Make an exact copy of the listing underneath, skipping each picture.

____ MATERIAL PROVIDED

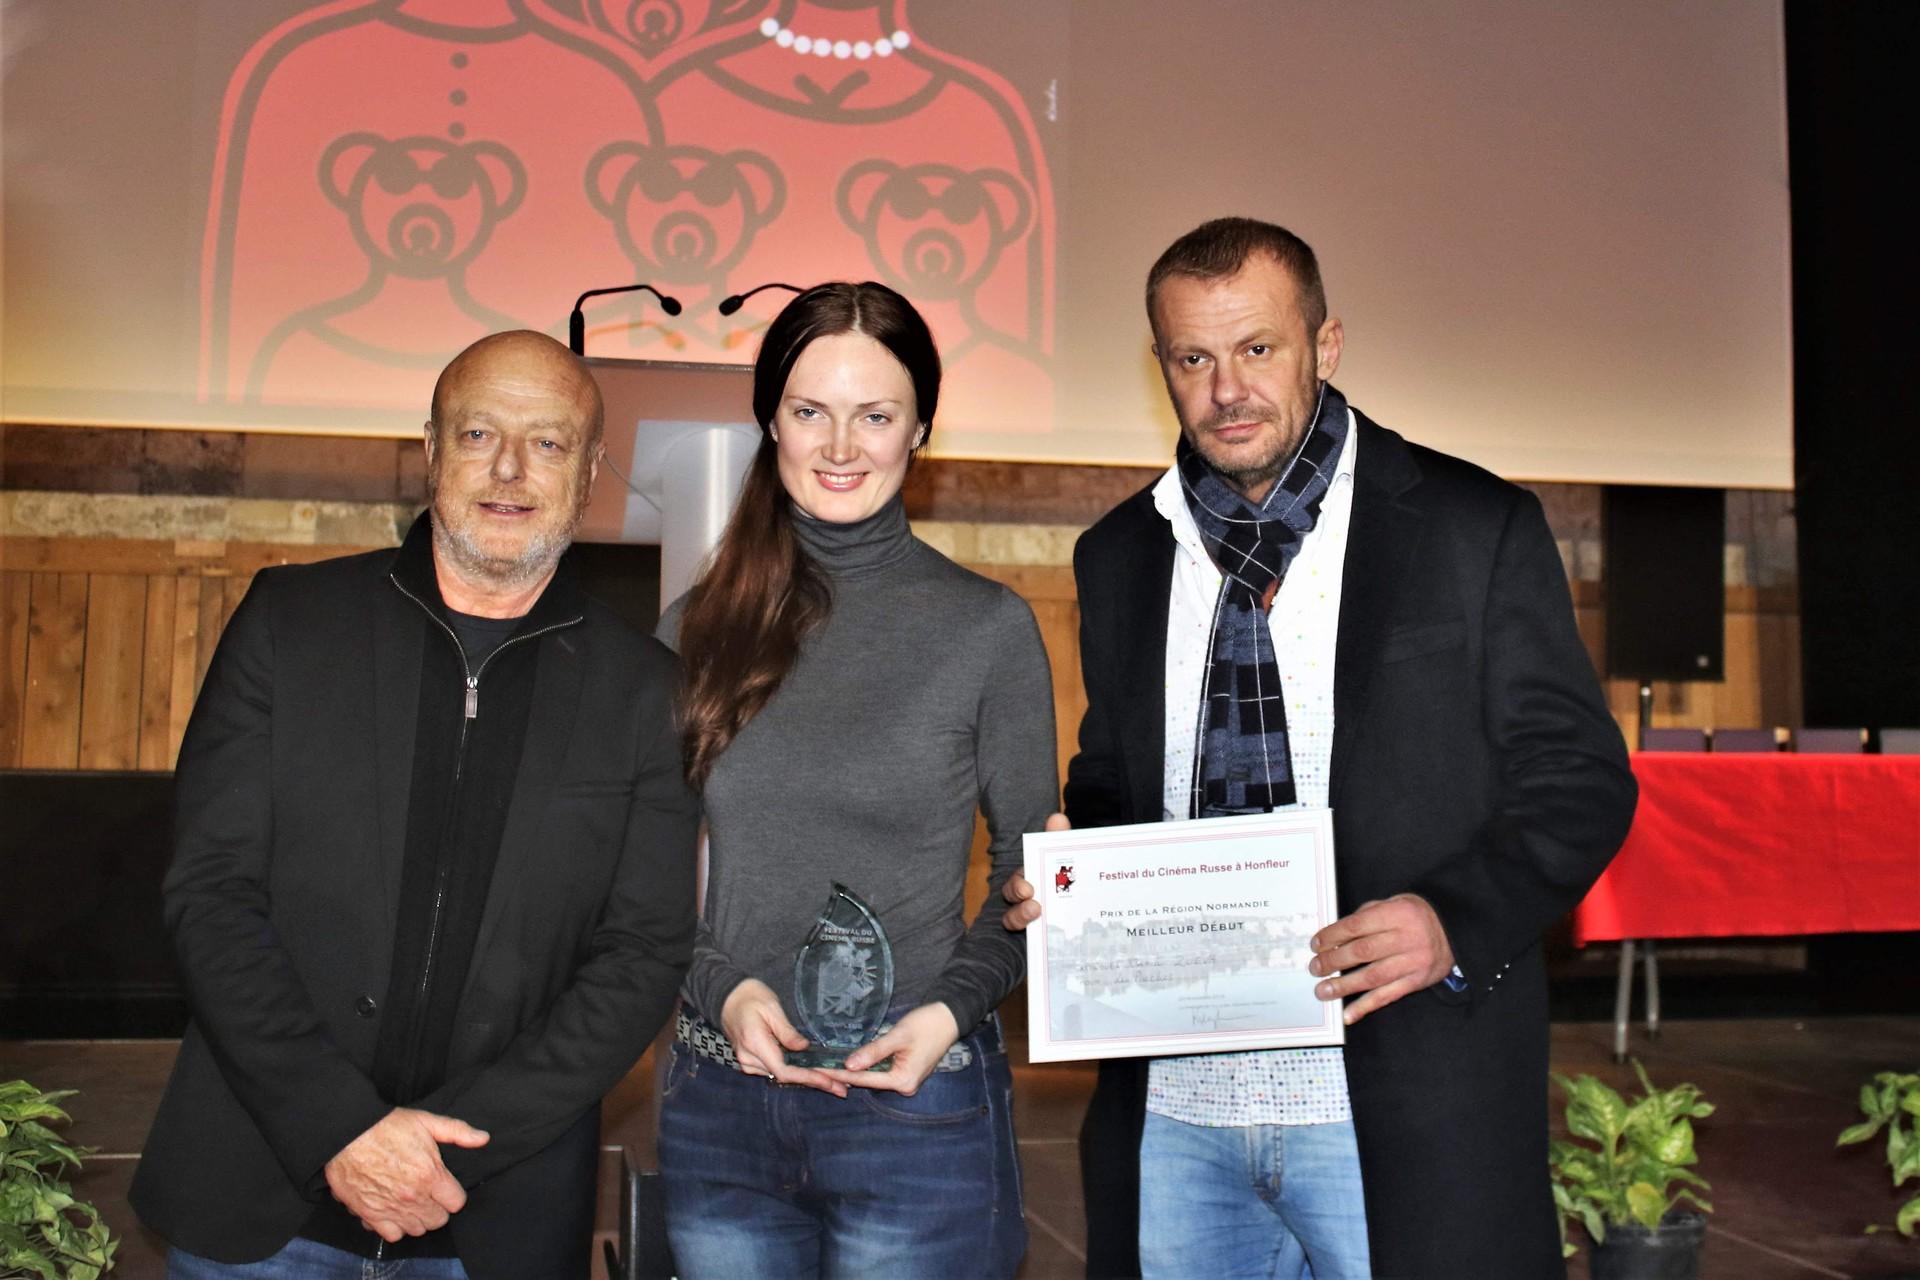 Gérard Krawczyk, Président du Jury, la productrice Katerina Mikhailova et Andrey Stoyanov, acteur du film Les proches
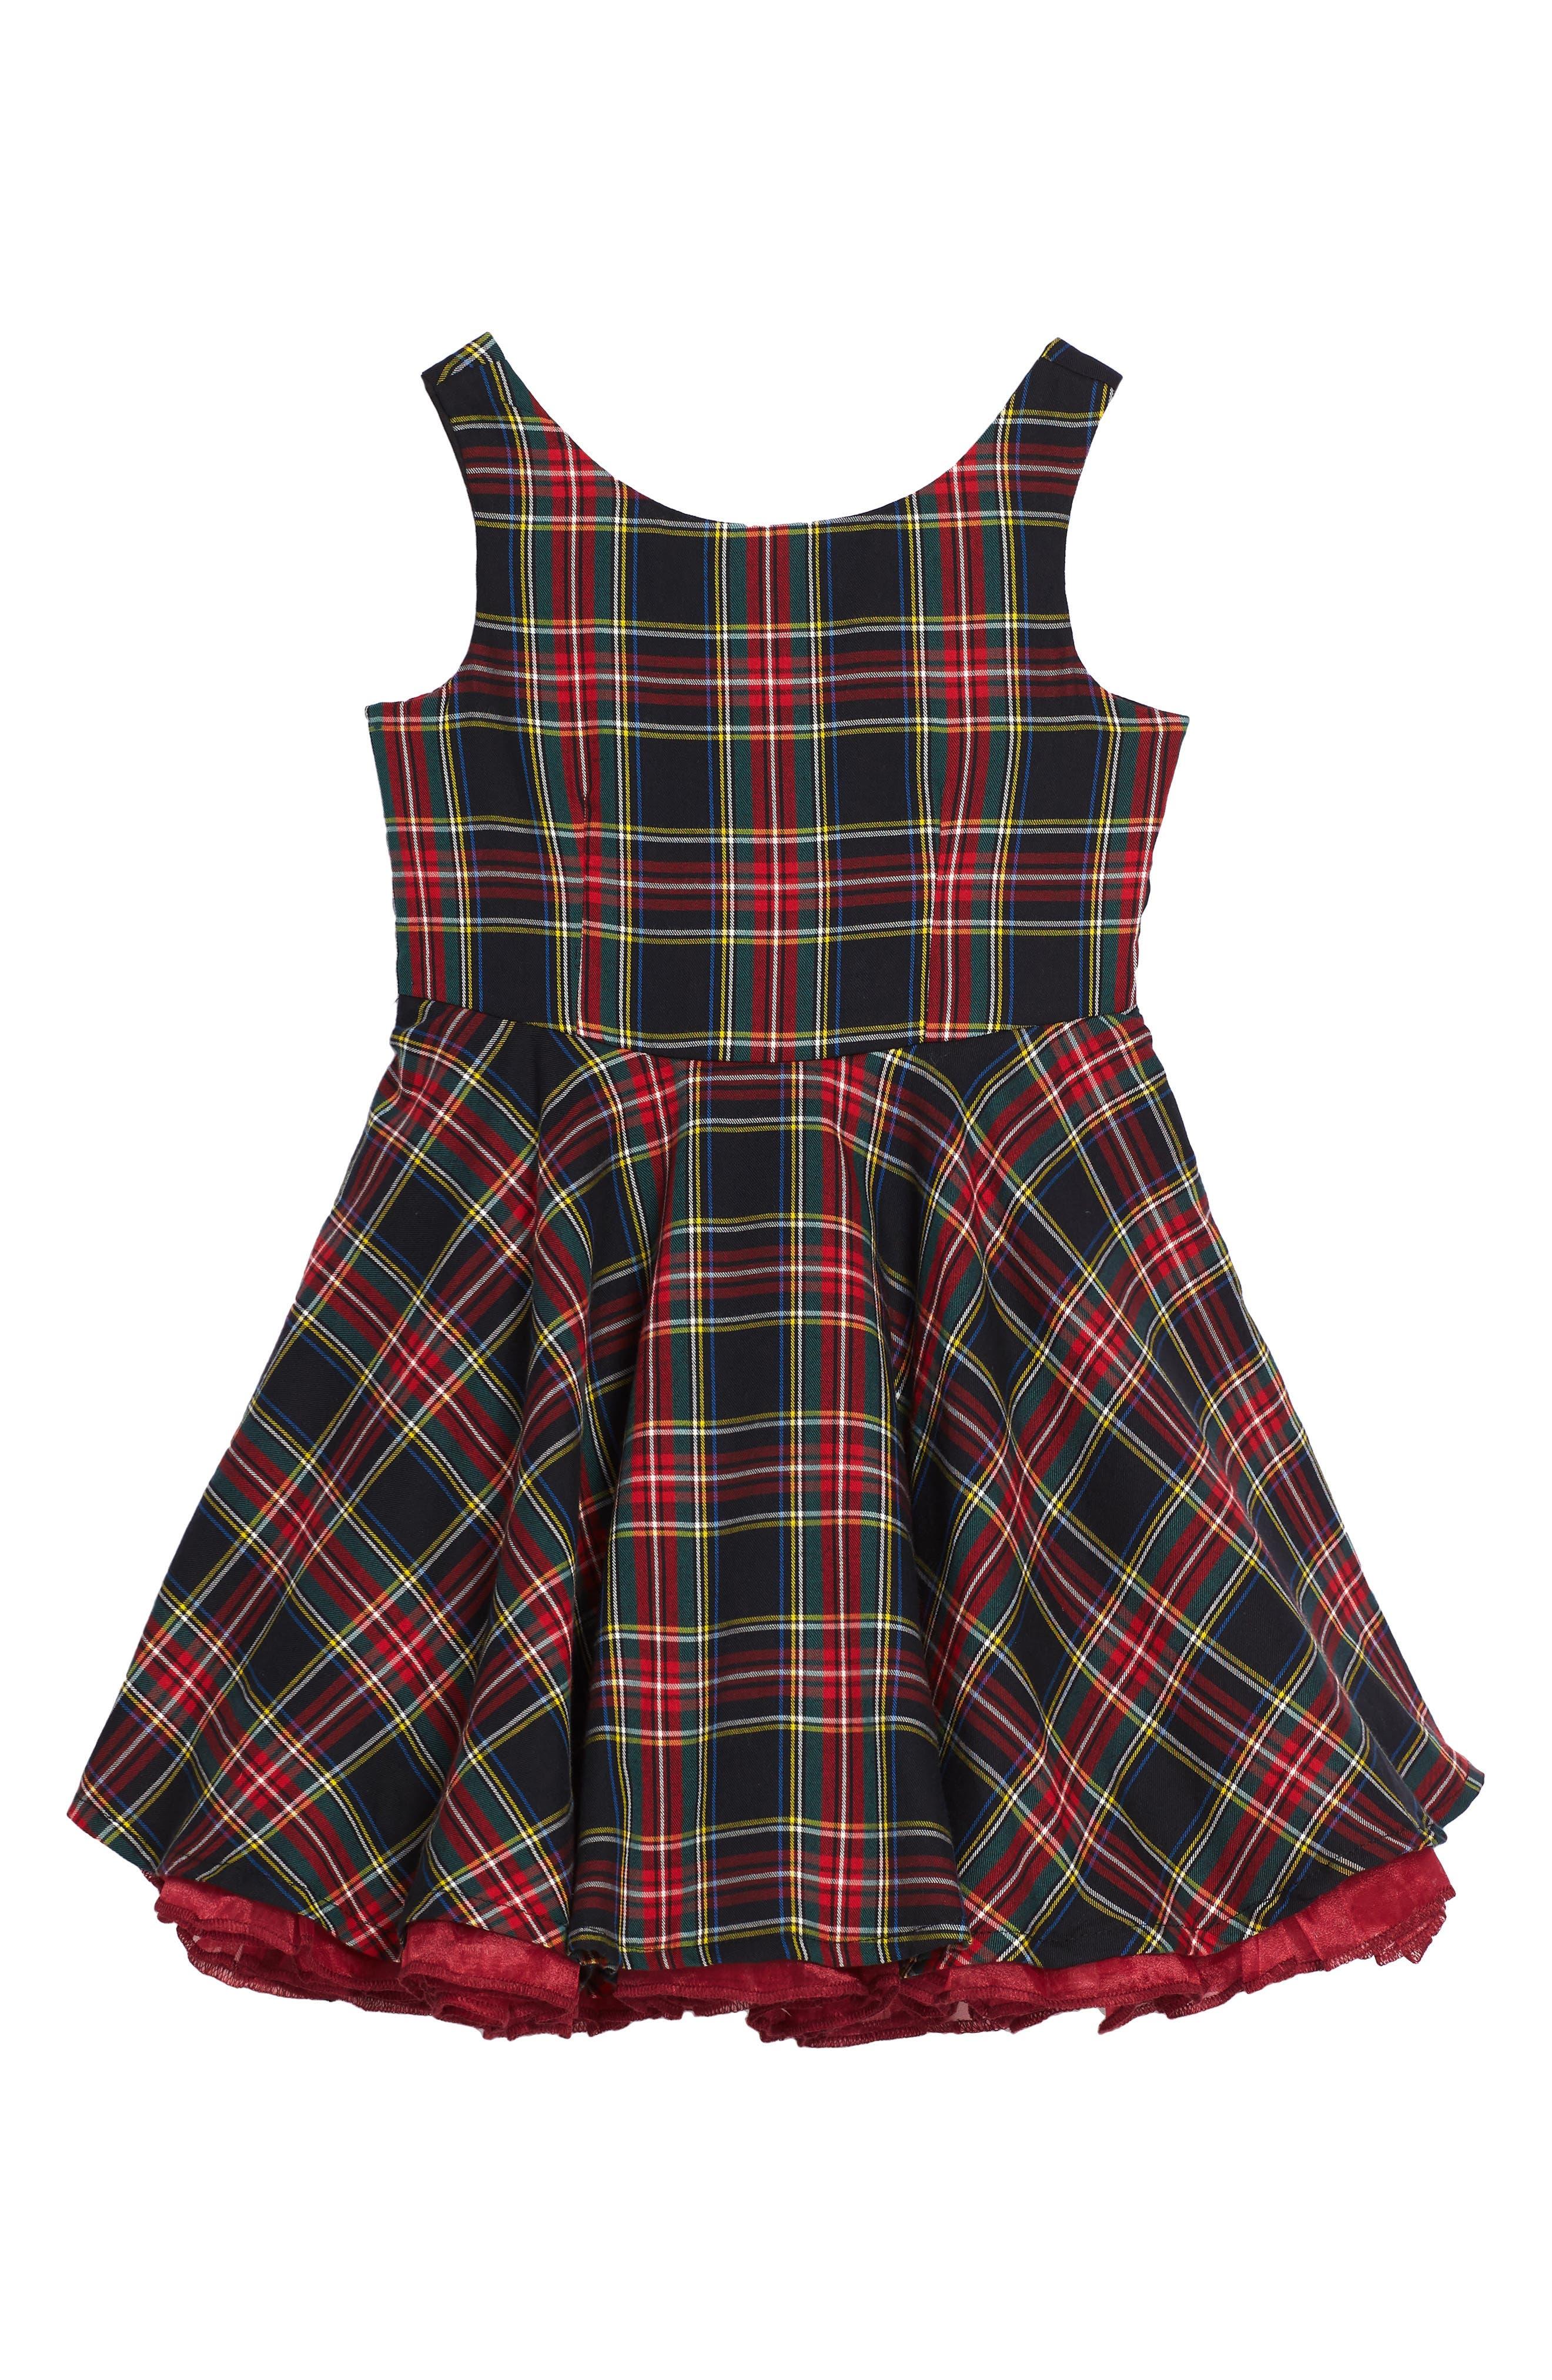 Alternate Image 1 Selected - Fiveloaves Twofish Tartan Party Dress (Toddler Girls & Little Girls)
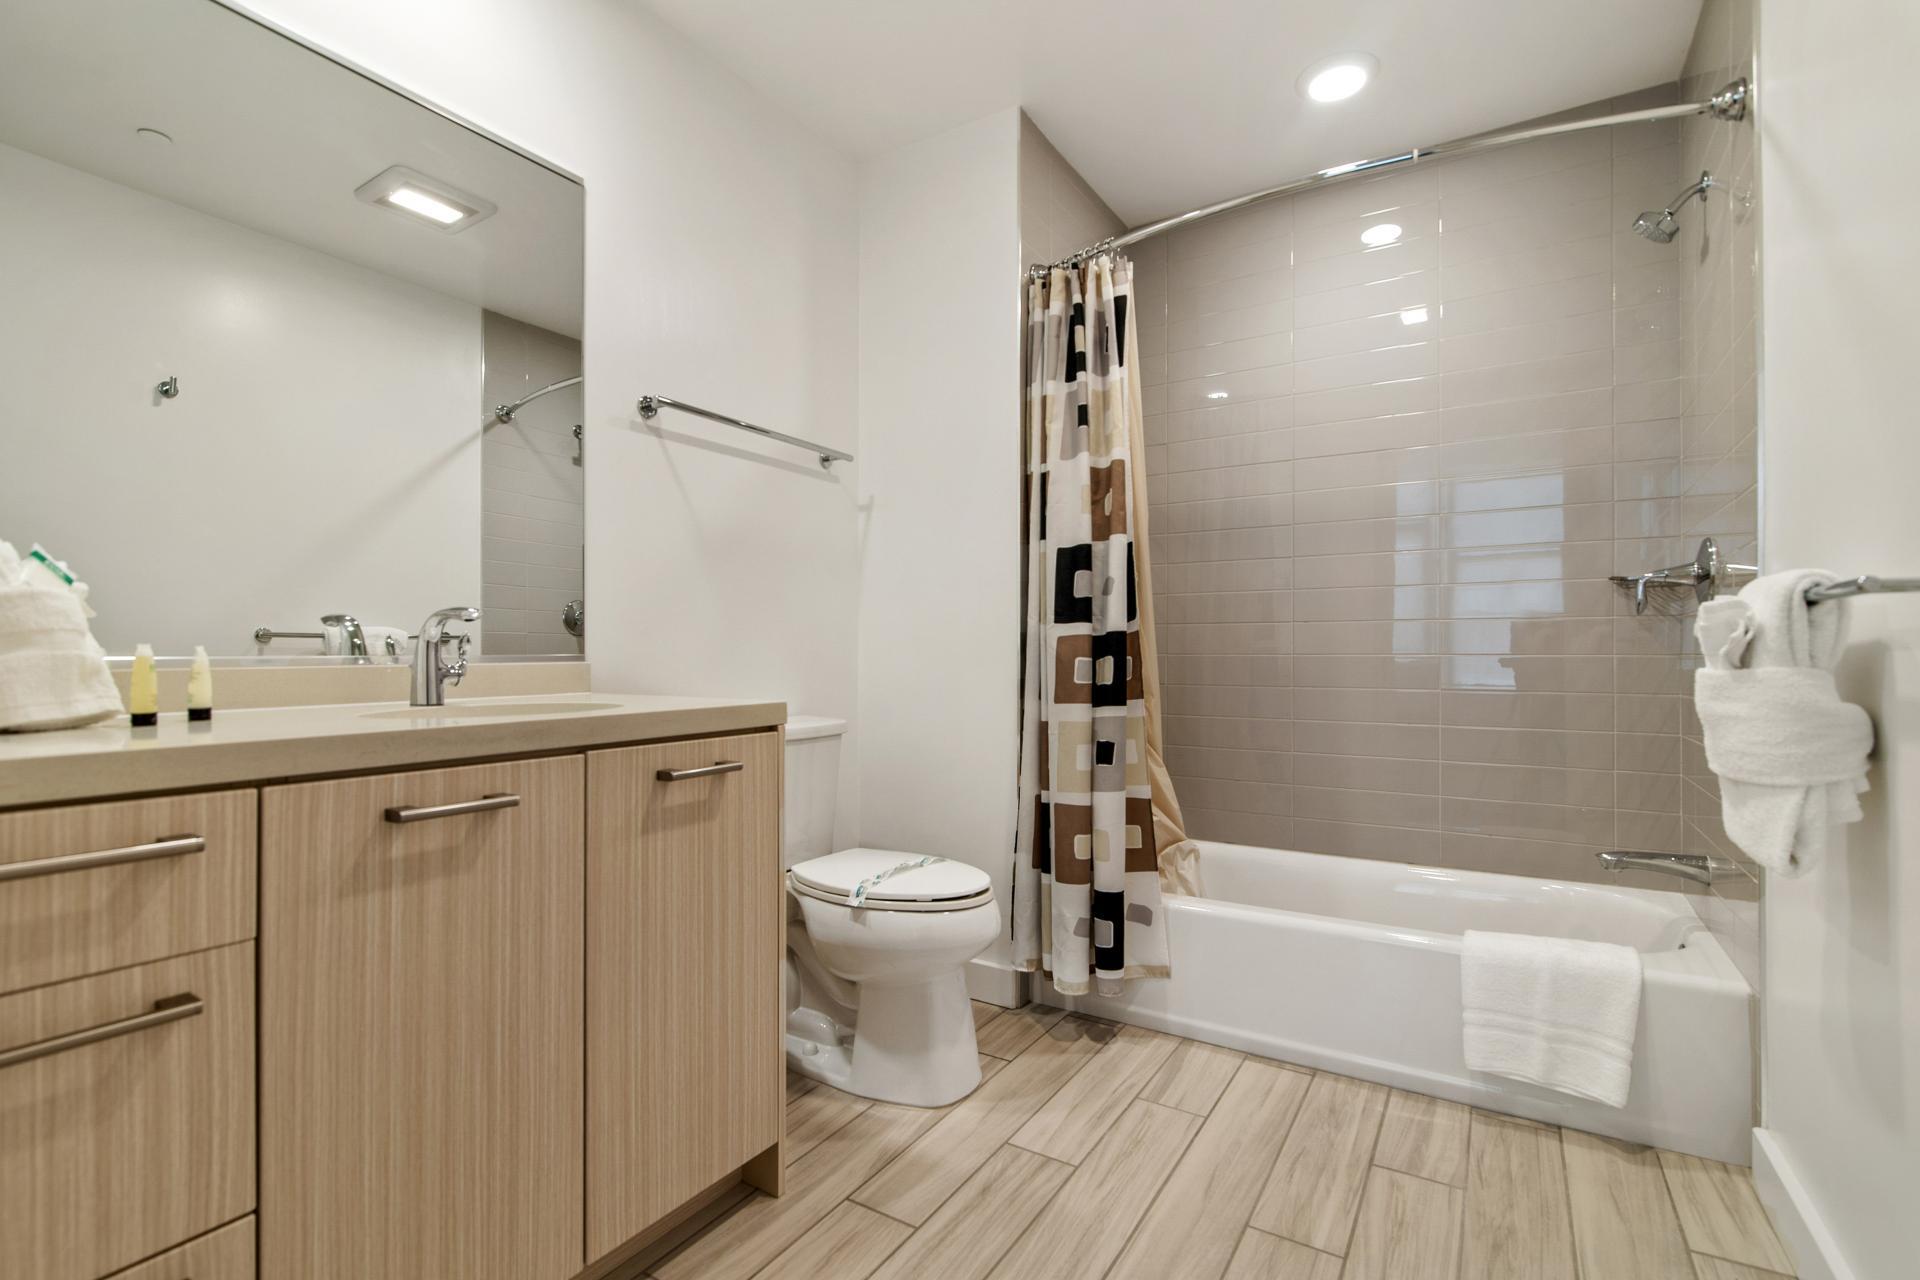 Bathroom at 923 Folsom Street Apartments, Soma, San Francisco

________

» ANSWER TO THE PROBLEM:
 Gérard Krawczyk, Président du Jury, la productrice Katerina Mikhailova et Andrey Stoyanov, acteur du film Les proches
 Alternate Image 1 Selected - Fiveloaves Twofish Tartan Party Dress (Toddler Girls & Little Girls)
 Bathroom at 923 Folsom Street Apartments, Soma, San Francisco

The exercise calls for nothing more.